The following year headmaster Hibbert was gone. The PGS history archives notes his replacement recognized ‘the need to adapt to the liberal spirit of the age.’ The Beatles had just released ‘A Hard Day’s Night’.
IV
While I was enduring my time at PGS, at home, I was conscious of class conflict playing out between my mother and my father. My mother was unhappy. She had married a social class beneath her.
My mother was ascendant in this intrafamily class struggle. My brothers and I were dissuaded -forbidden, to have contact with what she considered to be my lower-class father’s family. She seemed to think that association with the Williams’s would be a bad influence. We might start smoking Woodbine’s and going to football matches.[6]This meant I never met my paternal grandmother[7]. We socialized with my maternal Wileman cousins in faraway Nottinghamshire, not the Williams’s in nearby Kent.
V
Why did my mother so disdain my father’s family? Genealogical investigation doesn’t reveal my father’s family was very different from my mother’s.
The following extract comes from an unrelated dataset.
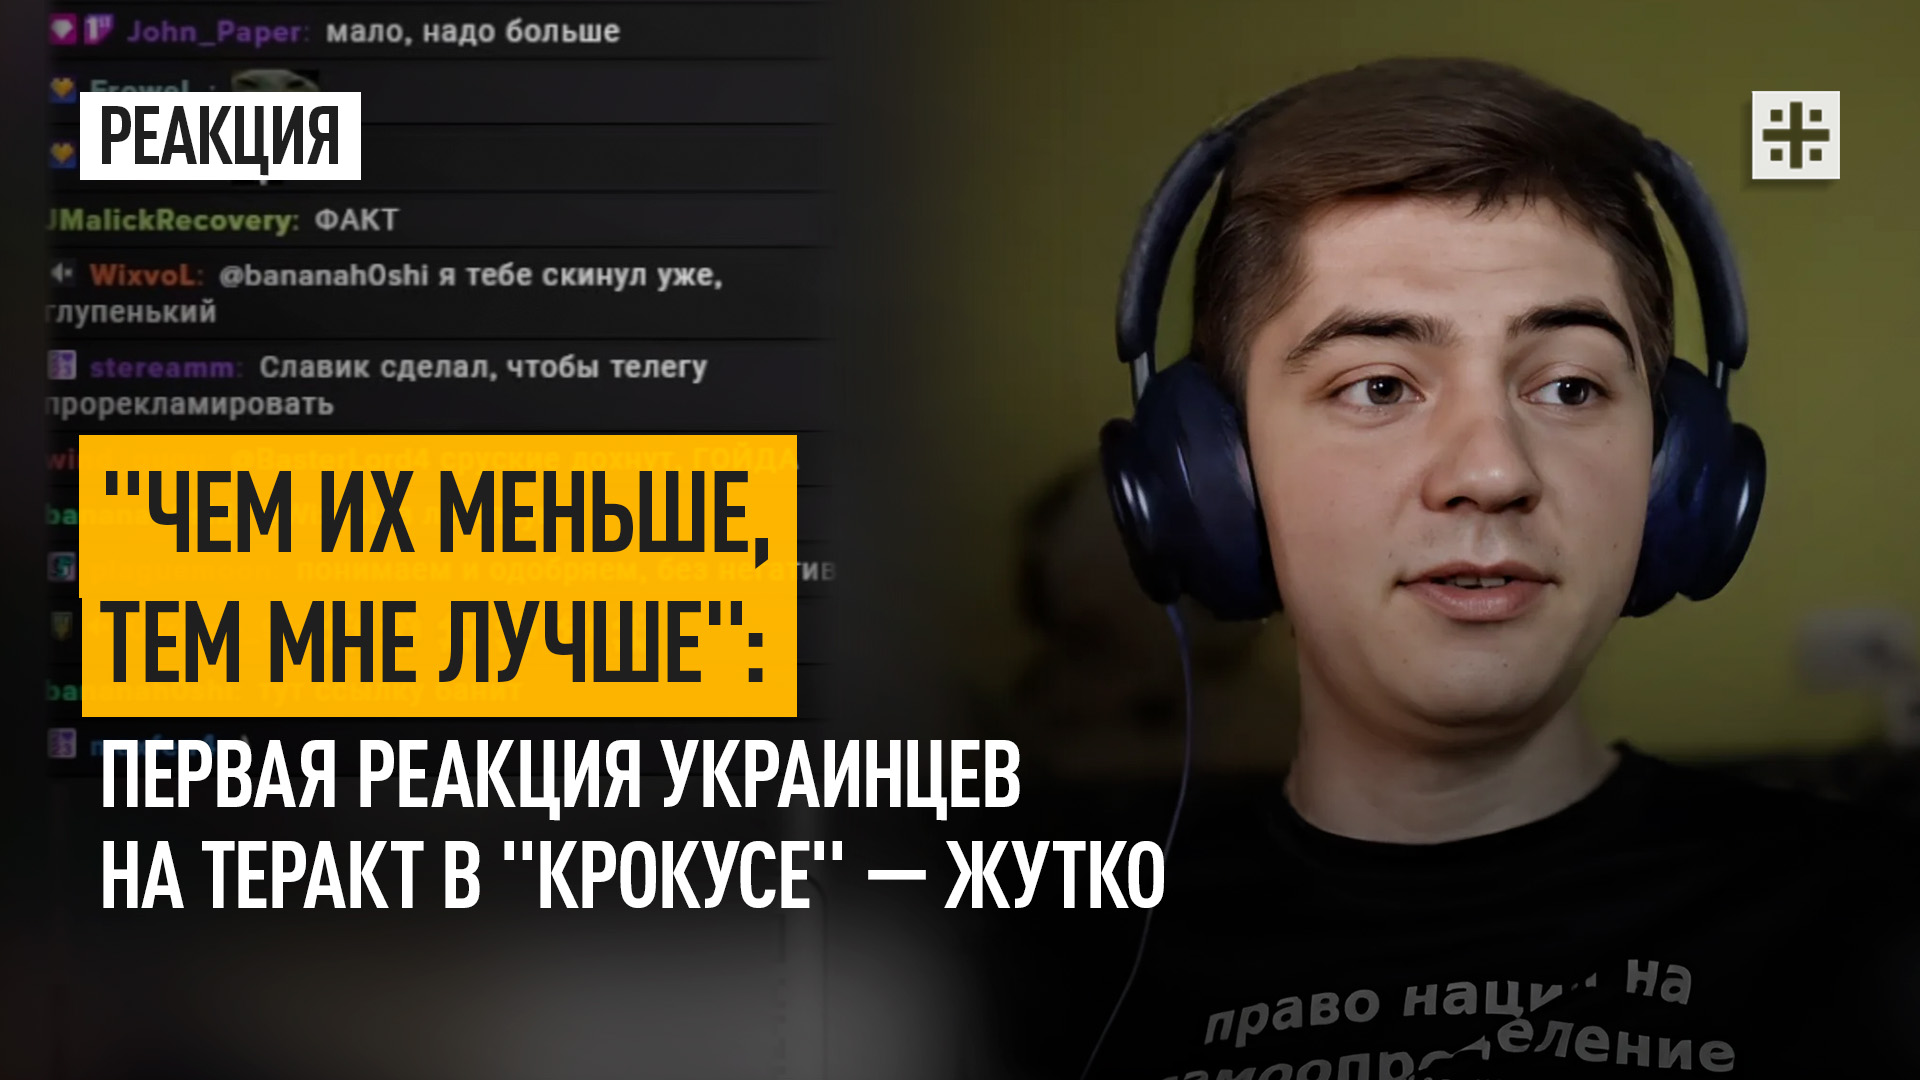 "Чем их меньше, тем мне лучше": Первая реакция украинцев на теракт в "Крокусе" — жутко

My father parent’s ancestors, the Williams and Styles, had been predominantly farm workers and general labourers in east Kent. My mother’s parent’s, the Wilemans and the Bowens had been coalminers and labourers in Nottinghamshire.
When the English agricultural economy collapsed in the late 19thcentury due to the importation of cheap wheat from the USA, it appears the Wilemans fared better than the Williams. Industry was booming in Nottinghamshire whereas in Kent there were few options for the unemployed. But one of those options was right there in Canterbury where my ancestors lived.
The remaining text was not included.